Gaussian Naive Bayes assumes that the continuous features in the dataset are normally distributed, and it is effective for multi-class problems where each class can have its own normal distribution for each feature.

### Q5. Assignment

#### Data Preparation:
Download the **Spambase Data Set** from the [UCI Machine Learning Repository](https://archive.ics.uci.edu/ml/datasets/Spambase). This dataset contains features extracted from email messages to predict whether an email is spam or not.

#### Implementation:

You will implement three Naive Bayes classifiers:
- **Bernoulli Naive Bayes**
- **Multinomial Naive Bayes**
- **Gaussian Naive Bayes**

Here’s how to implement these classifiers using **scikit-learn** in Python:

```python
import pandas as pd
from sklearn.naive_bayes import BernoulliNB, MultinomialNB, GaussianNB
from sklearn.model_selection import cross_val_score
from sklearn.metrics import accuracy_score, precision_score, recall_score, f1_score
from sklearn.model_selection import train_test_split

# Load dataset
data = pd.read_csv('spambase.data', header=None)
X = data.iloc[:, :-1]  # Features
y = data.iloc[:, -1]   # Target (spam or not spam)

# Split data
X_train, X_test, y_train, y_test = train_test_split(X, y, test_size=0.2, random_state=42)

# Initialize classifiers
bernoulli_nb = BernoulliNB()
multinomial_nb = MultinomialNB()
gaussian_nb = GaussianNB()

# 10-fold cross-validation
for model, name in [(bernoulli_nb, "Bernoulli"), (multinomial_nb, "Multinomial"), (gaussian_nb, "Gaussian")]:
    print(f"\n{name} Naive Bayes:")
    accuracy = cross_val_score(model, X_train, y_train, cv=10, scoring='accuracy').mean()
    print(f"Accuracy: {accuracy}")

# Fit models
bernoulli_nb.fit(X_train, y_train)
multinomial_nb.fit(X_train, y_train)
gaussian_nb.fit(X_train, y_train)

# Make predictions
y_pred_bernoulli = bernoulli_nb.predict(X_test)
y_pred_multinomial = multinomial_nb.predict(X_test)
y_pred_gaussian = gaussian_nb.predict(X_test)

# Calculate metrics
def print_metrics(y_test, y_pred, model_name):
    accuracy = accuracy_score(y_test, y_pred)
    precision = precision_score(y_test, y_pred)
    recall = recall_score(y_test, y_pred)
    f1 = f1_score(y_test, y_pred)
    print(f"\n{model_name} Naive Bayes:")
    print(f"Accuracy: {accuracy}")
    print(f"Precision: {precision}")
    print(f"Recall: {recall}")
    print(f"F1 Score: {f1}")

# Metrics for each classifier
print_metrics(y_test, y_pred_bernoulli, "Bernoulli")
print_metrics(y_test, y_pred_multinomial, "Multinomial")
print_metrics(y_test, y_pred_gaussian, "Gaussian")
```

#### Results:
For each classifier, you will report:
- **Accuracy**: Measures how often the classifier is correct.
- **Precision**: The ratio of true positives to the sum of true positives and false positives.
- **Recall**: The ratio of true positives to the sum of true positives and false negatives.
- **F1 Score**: The harmonic mean of precision and recall, balancing the two.

#### Discussion:
Based on the results from the above code, you would observe that:
- **Multinomial Naive Bayes** often performs best on text classification problems like this because it is suited for count-based features (like word frequencies in emails).
- **Bernoulli Naive Bayes** might perform well if you convert the features to binary, i.e., presence or absence of certain words.
- **Gaussian Naive Bayes** might underperform because it assumes normally distributed features, which is rarely the case with text data.

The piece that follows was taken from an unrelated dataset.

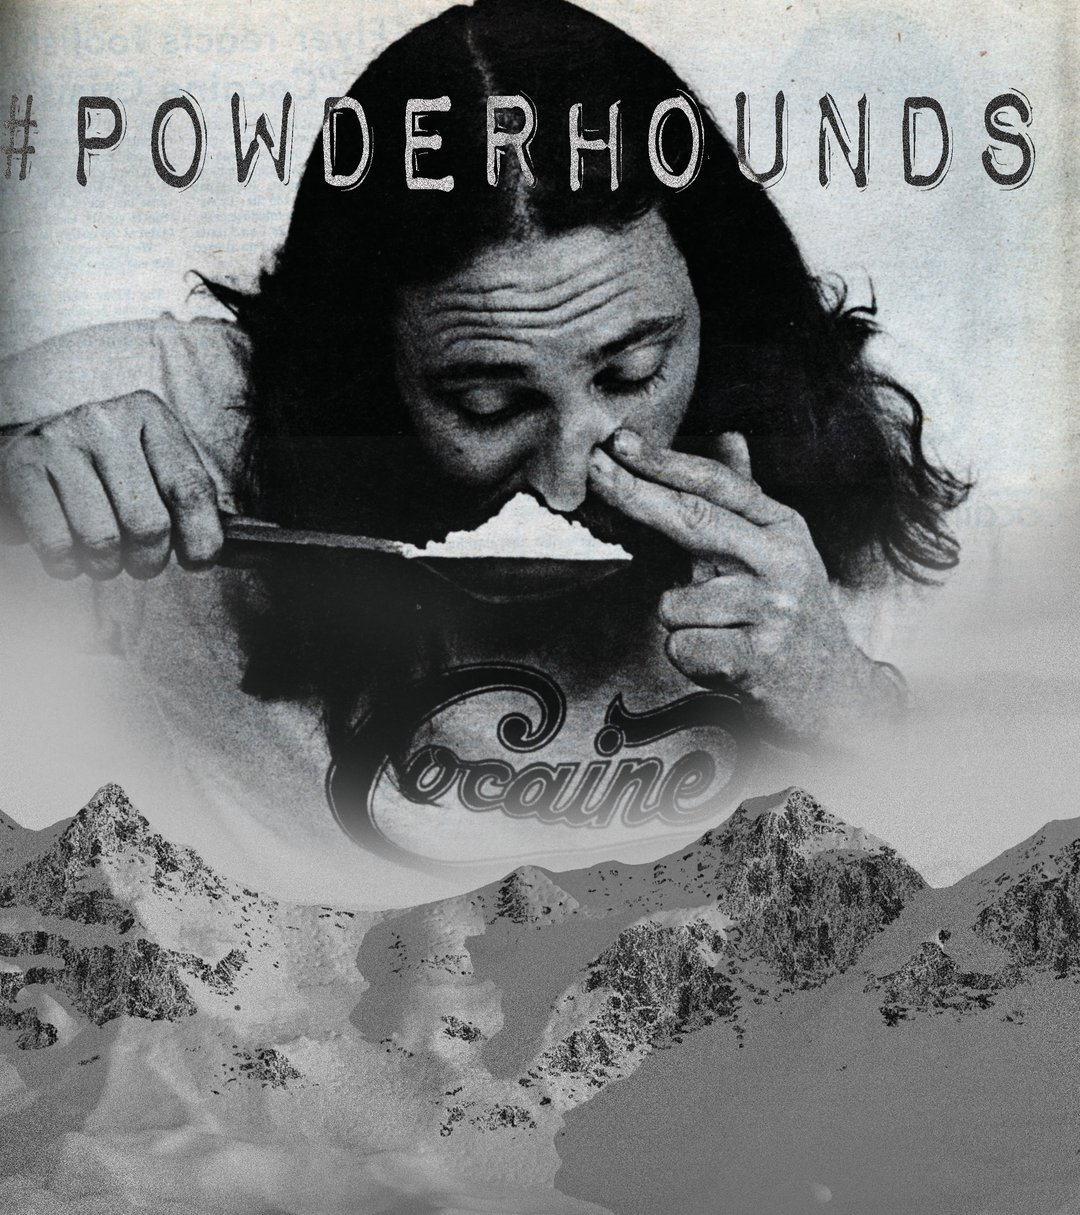 #powderhounds
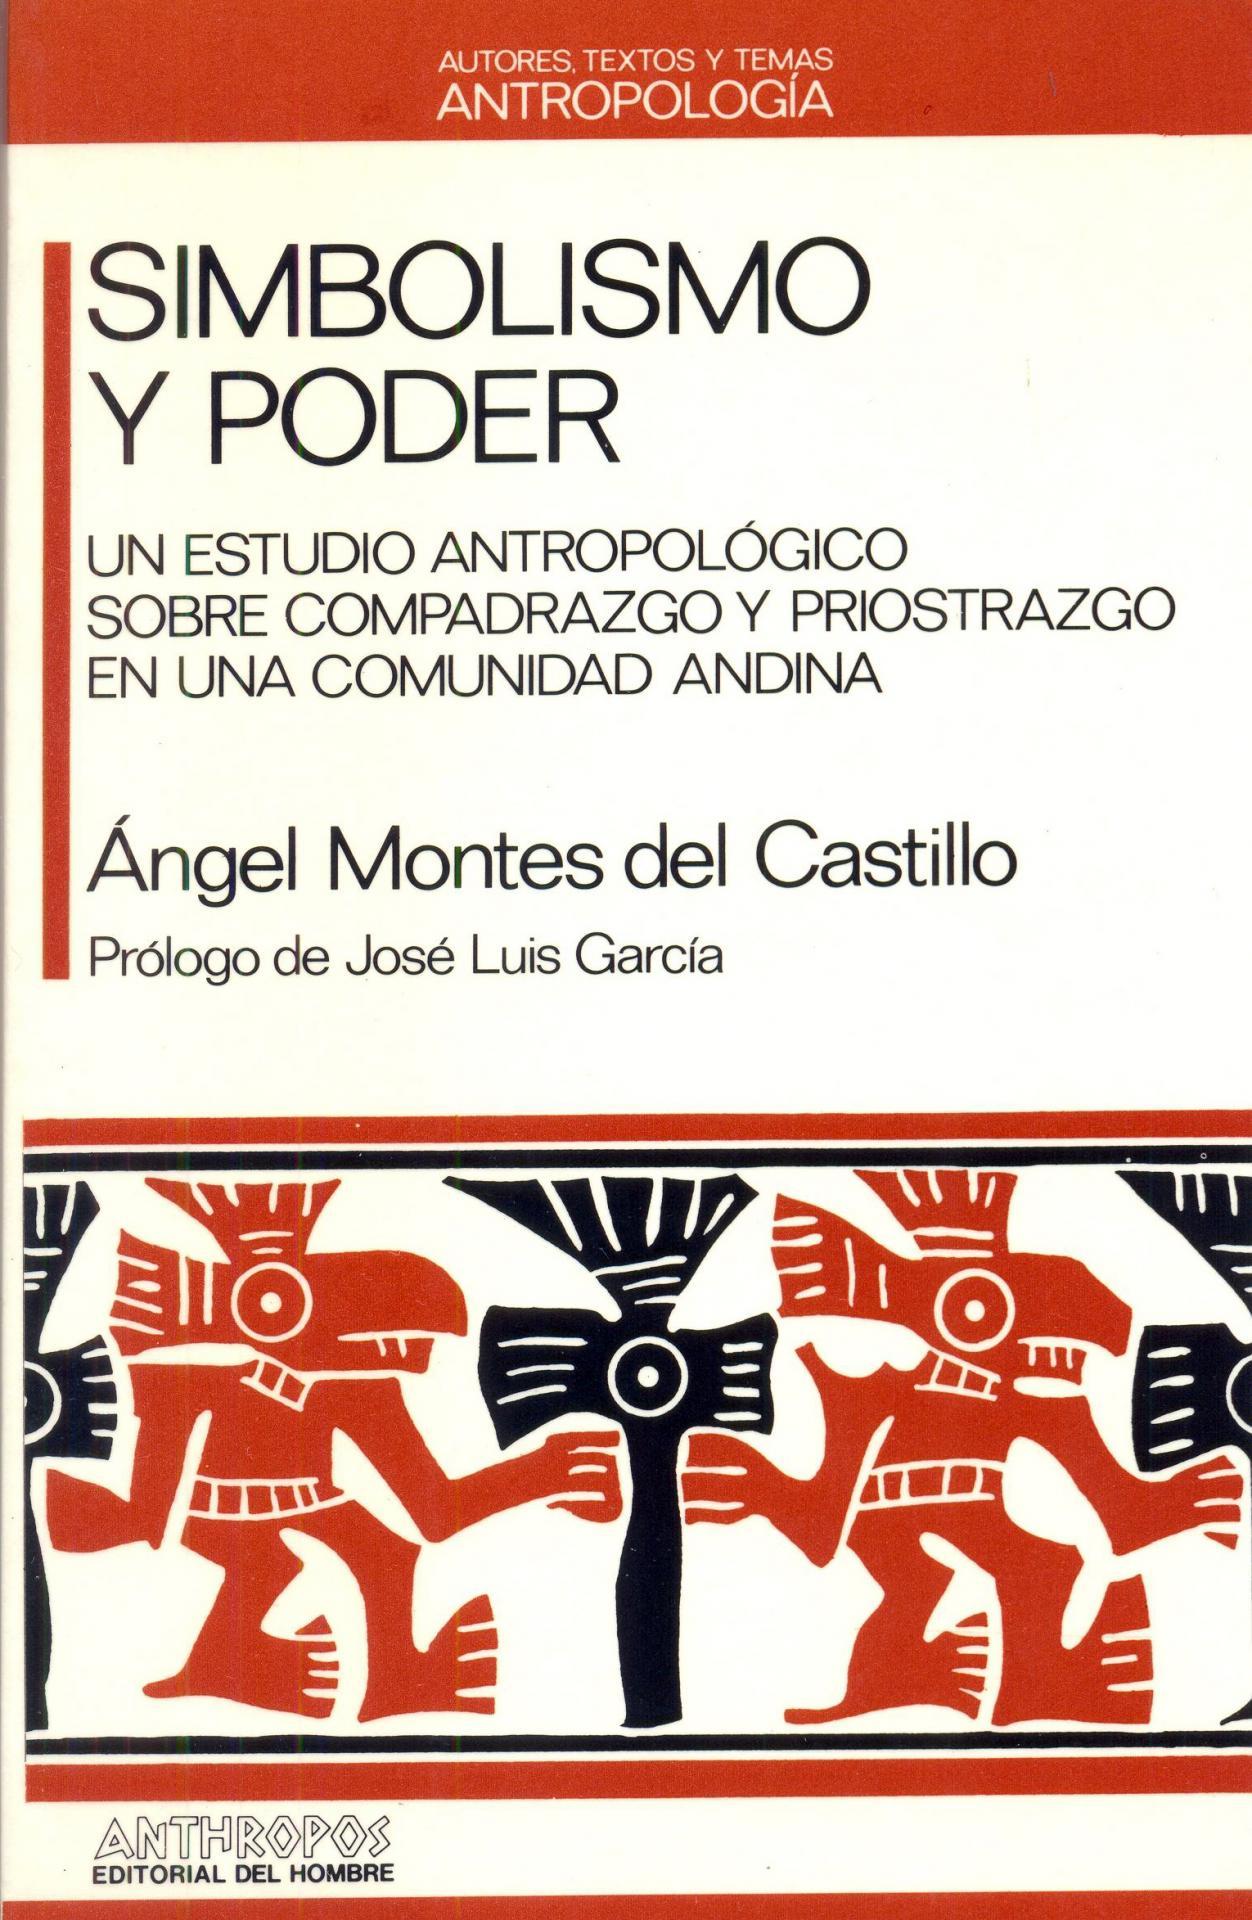 SIMBOLISMO Y PODER. Un estudio antropológico sobre compadrazgo y priostrazgo en una comunidad andina. Montes del Castillo, A.

One limitation of Naive Bayes you might observe is its assumption of feature independence, which may not hold in real-world datasets, leading to suboptimal performance in some cases.

#### Conclusion:
The **Multinomial Naive Bayes** classifier is expected to perform best due to its suitability for handling count-based features like word frequencies in emails. For future work, you could explore ways to handle feature dependence (such as using more complex models like logistic regression or support vector machines) and apply feature engineering techniques to improve performance further.